RAW DATA:
· · · · ·

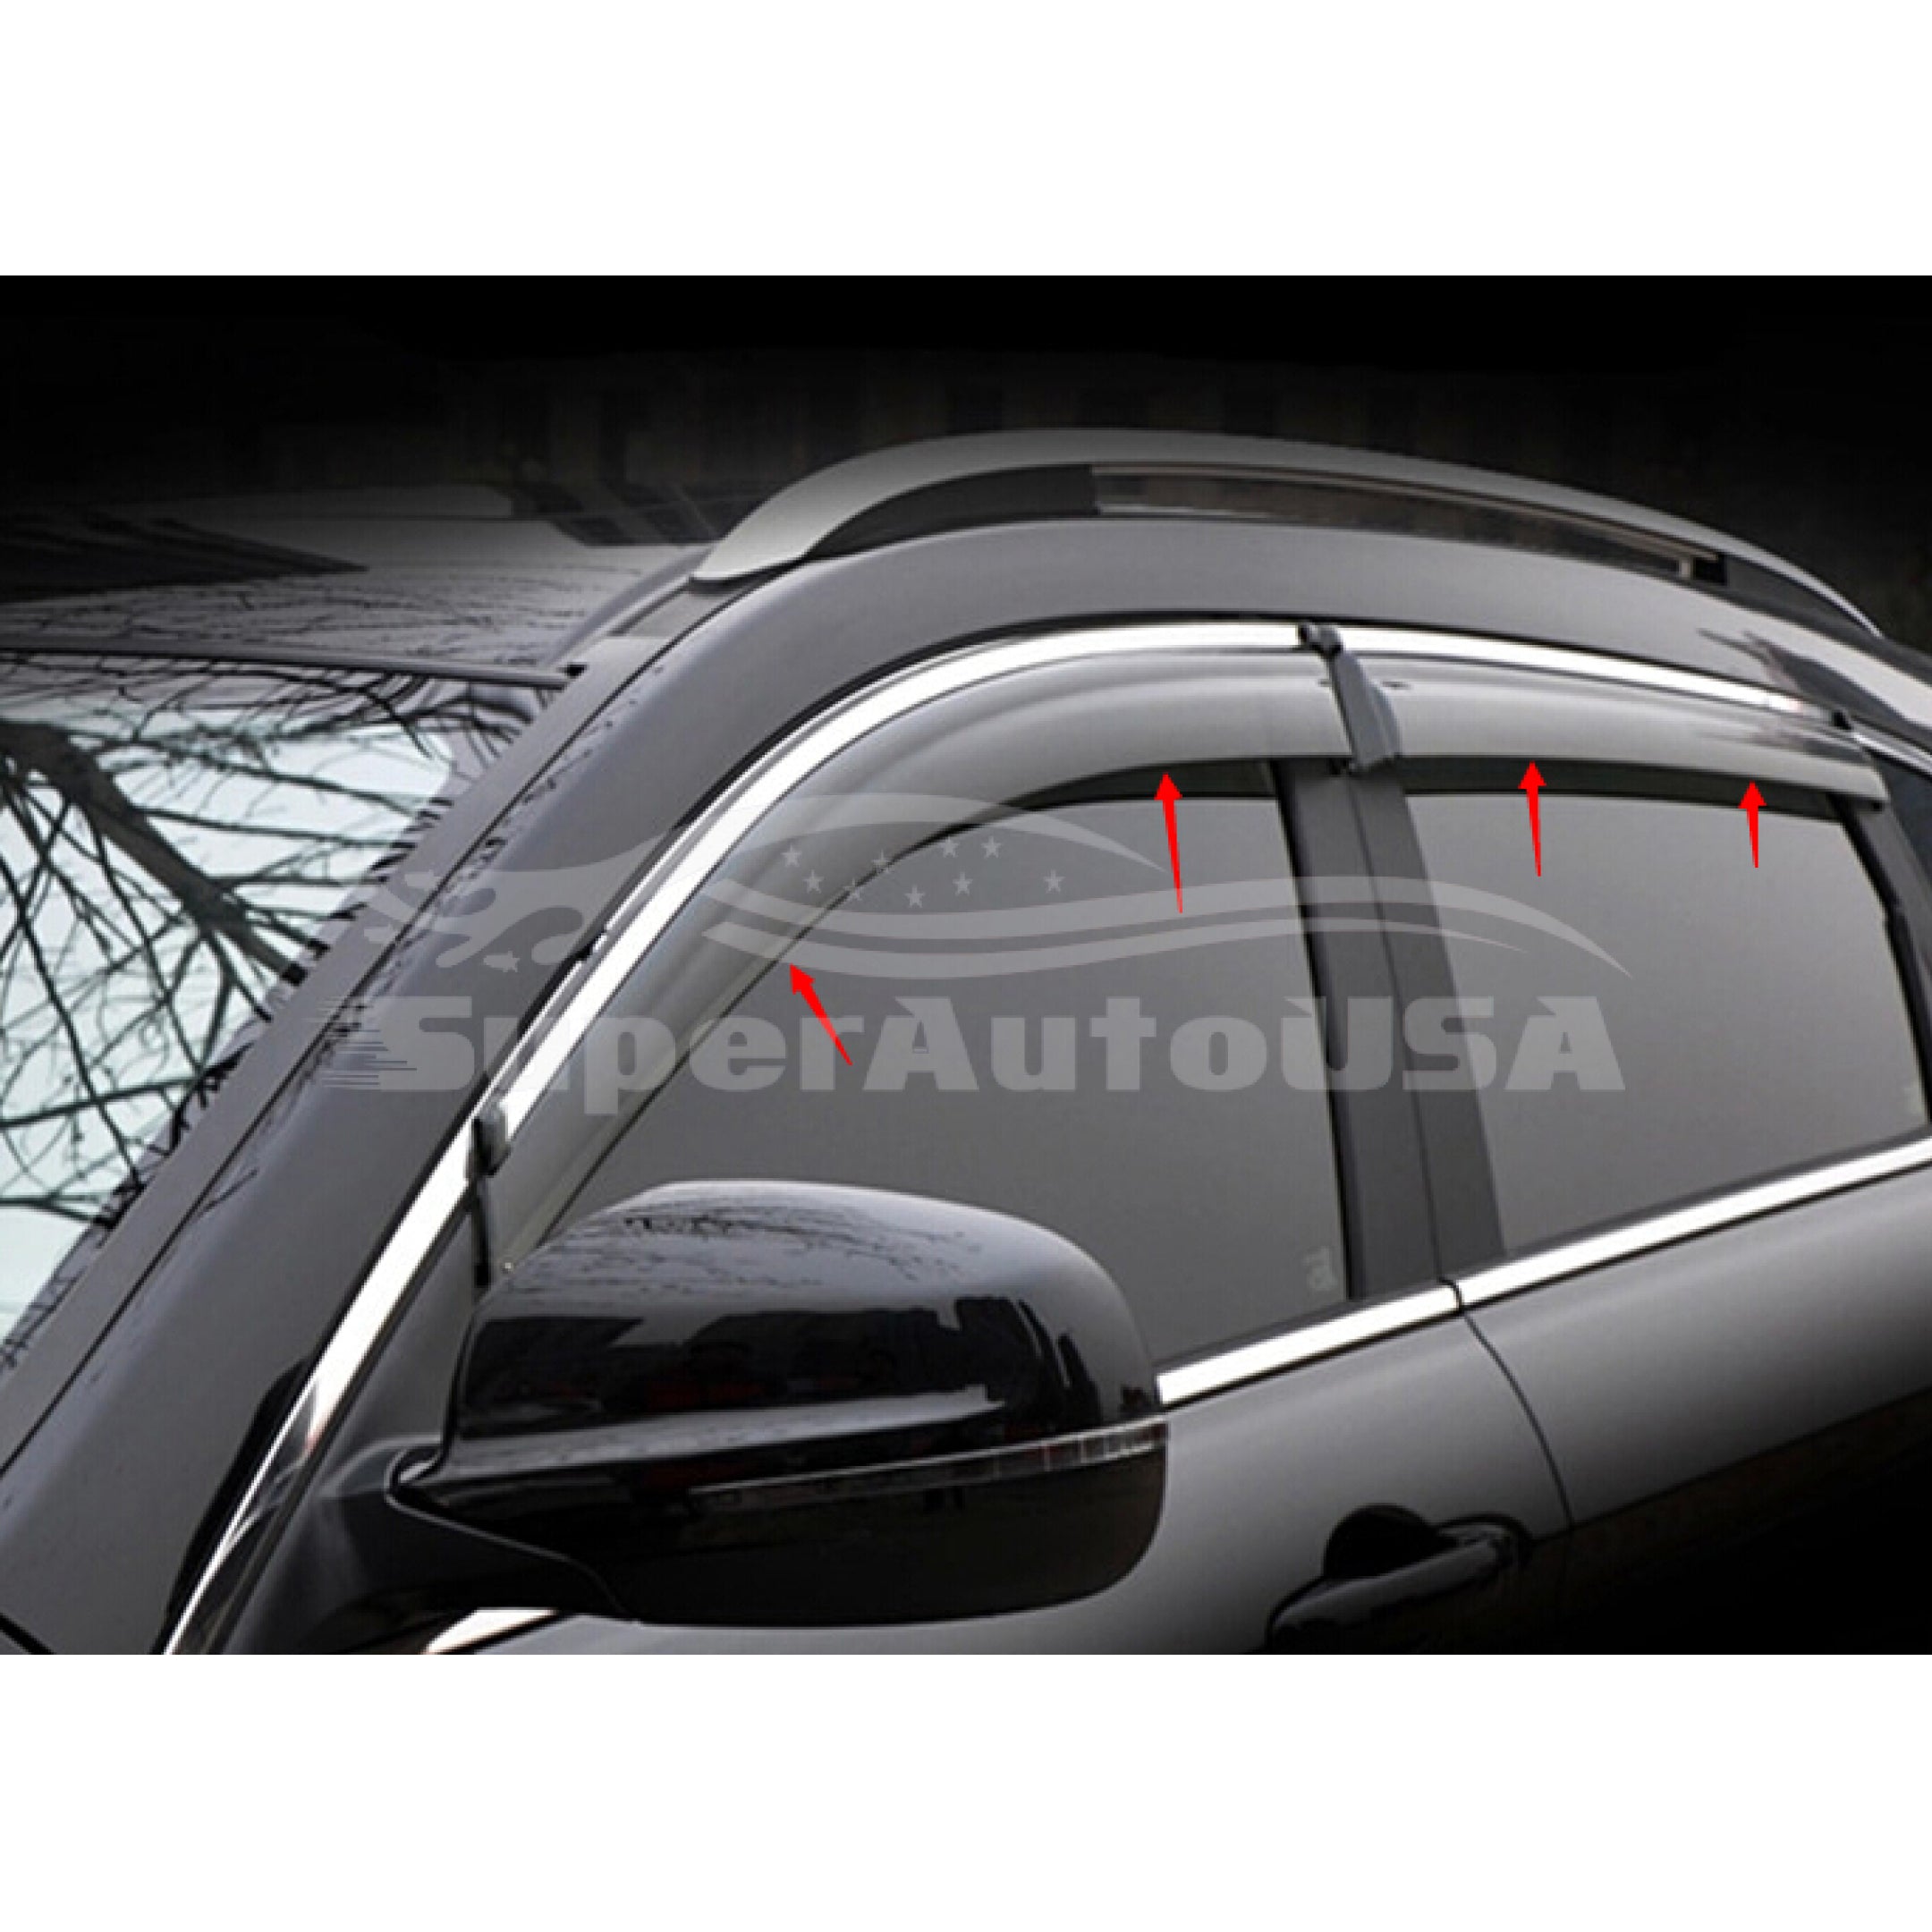 Ajuste 2019-2022 Nissan Altima Clip-On Chrome Trim Vent Window Viseras Rain Sun Wind Guards Shade Deflectors - 0
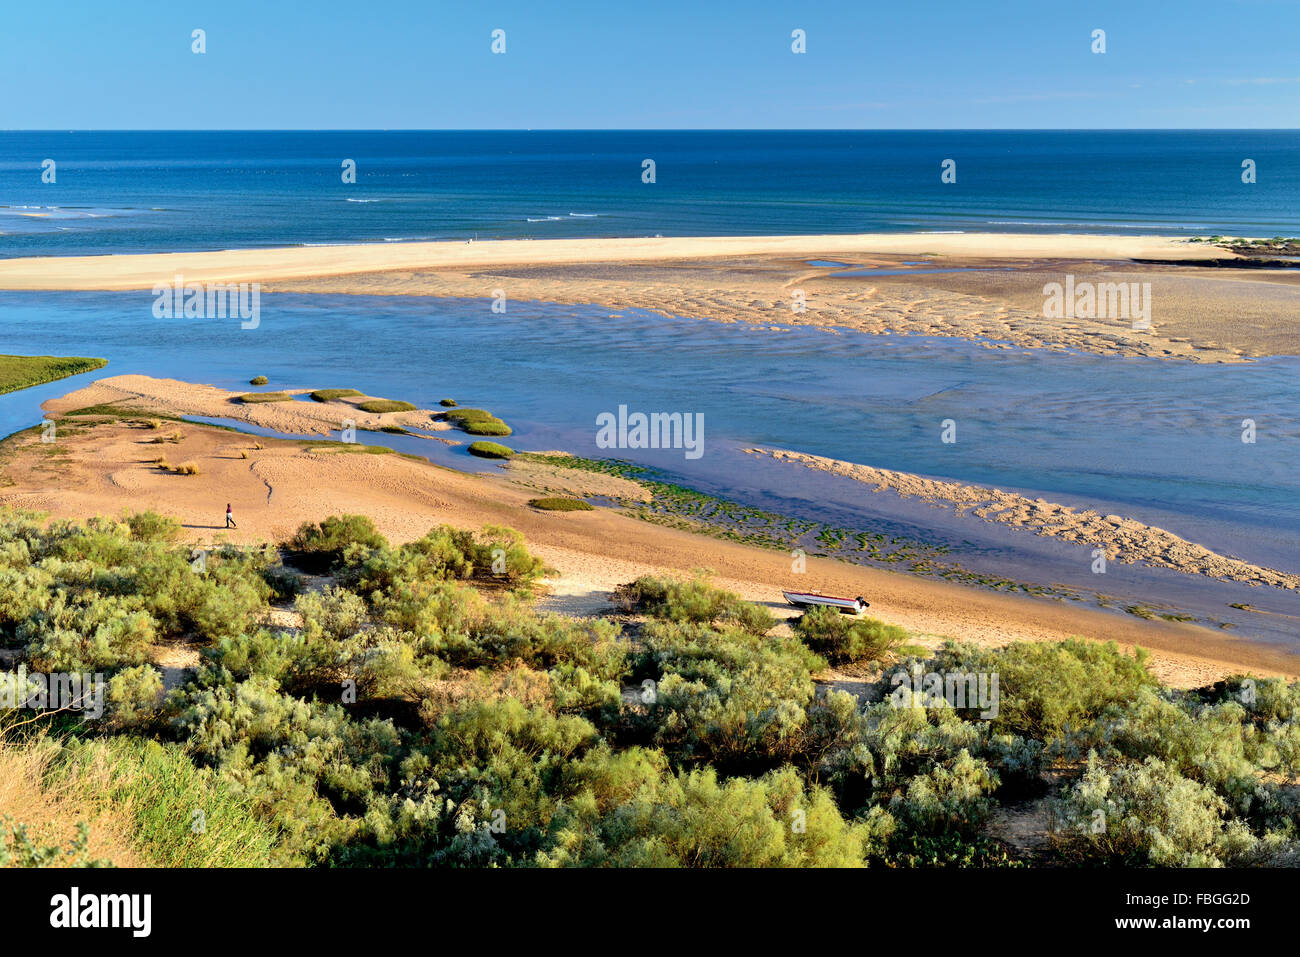 Portugal, Algarve: Vista de bancos de arena y pequeñas islas del Parque Natural Ria Formosa Foto de stock
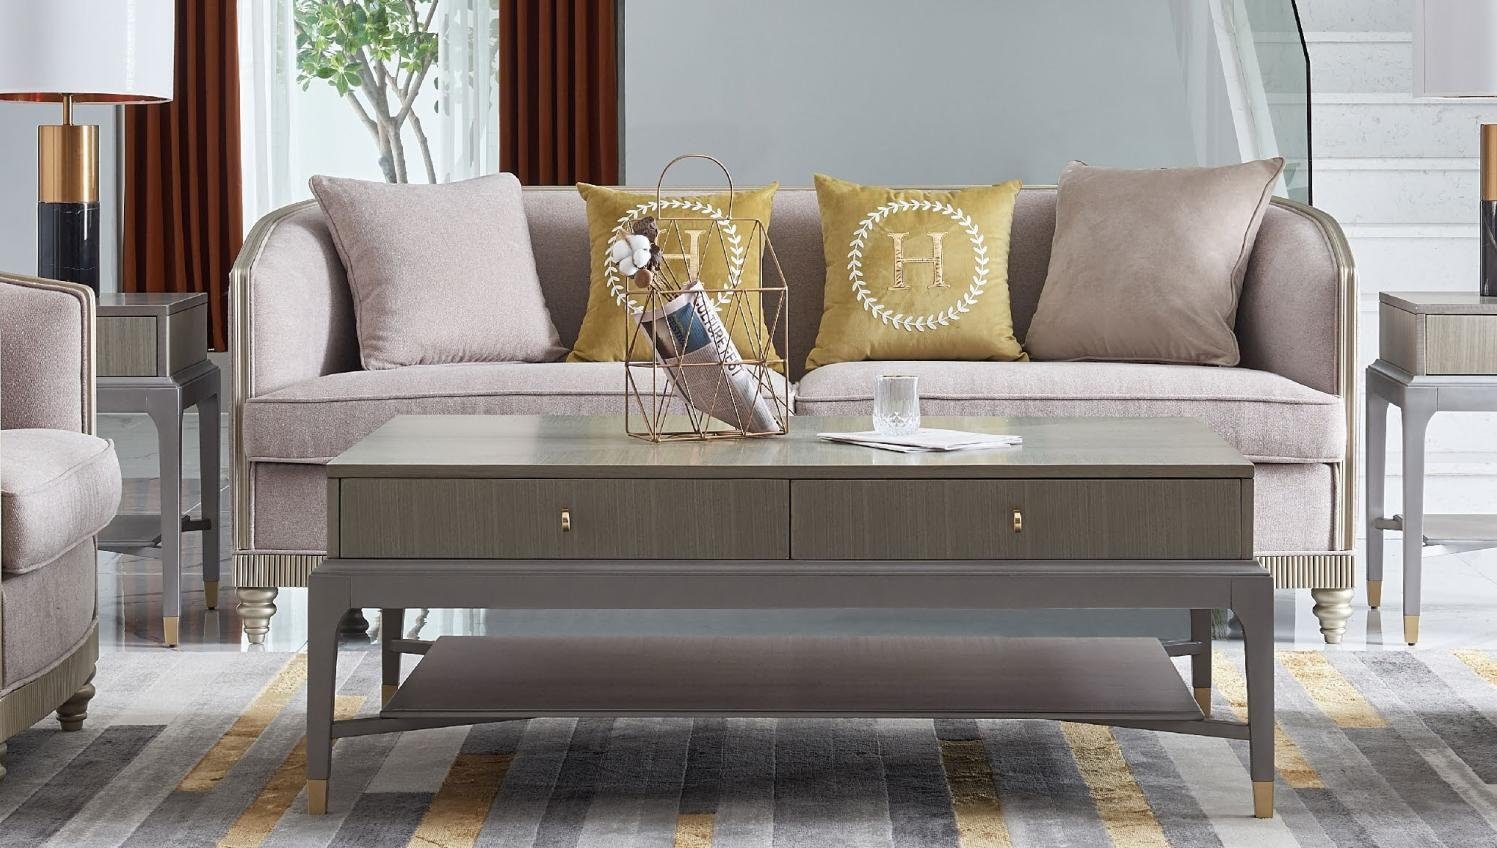 JVmoebel Sofa Textil Dreisitzer moderne Couch Neu, in 3-er Europe beige Made Polstermöbel
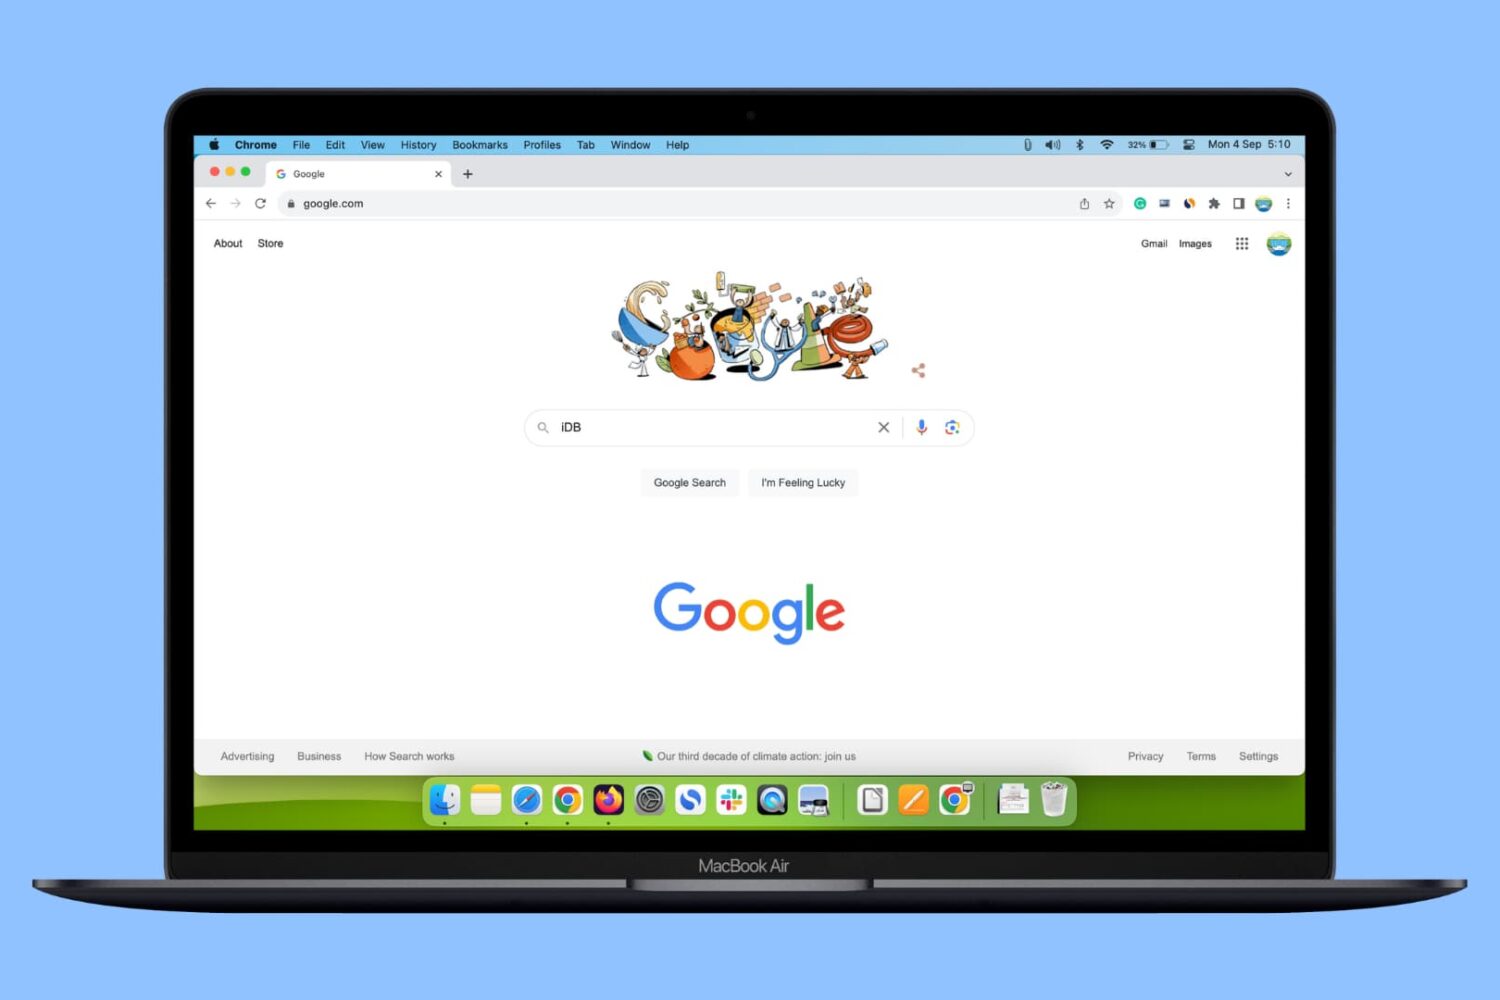 Google's website open in Chrome on MacBook

· · · · ·

WHAT IS EXPECTED:
All of the listing above has to be reproduced exactly, though without its images.

ANSWER FOR THIS EXERCISE:
 Ajuste 2019-2022 Nissan Altima Clip-On Chrome Trim Vent Window Viseras Rain Sun Wind Guards Shade Deflectors - 0
 Portugal, Algarve: Vista de bancos de arena y pequeñas islas del Parque Natural Ria Formosa Foto de stock
 JVmoebel Sofa Textil Dreisitzer moderne Couch Neu, in 3-er Europe beige Made Polstermöbel
 Google's website open in Chrome on MacBook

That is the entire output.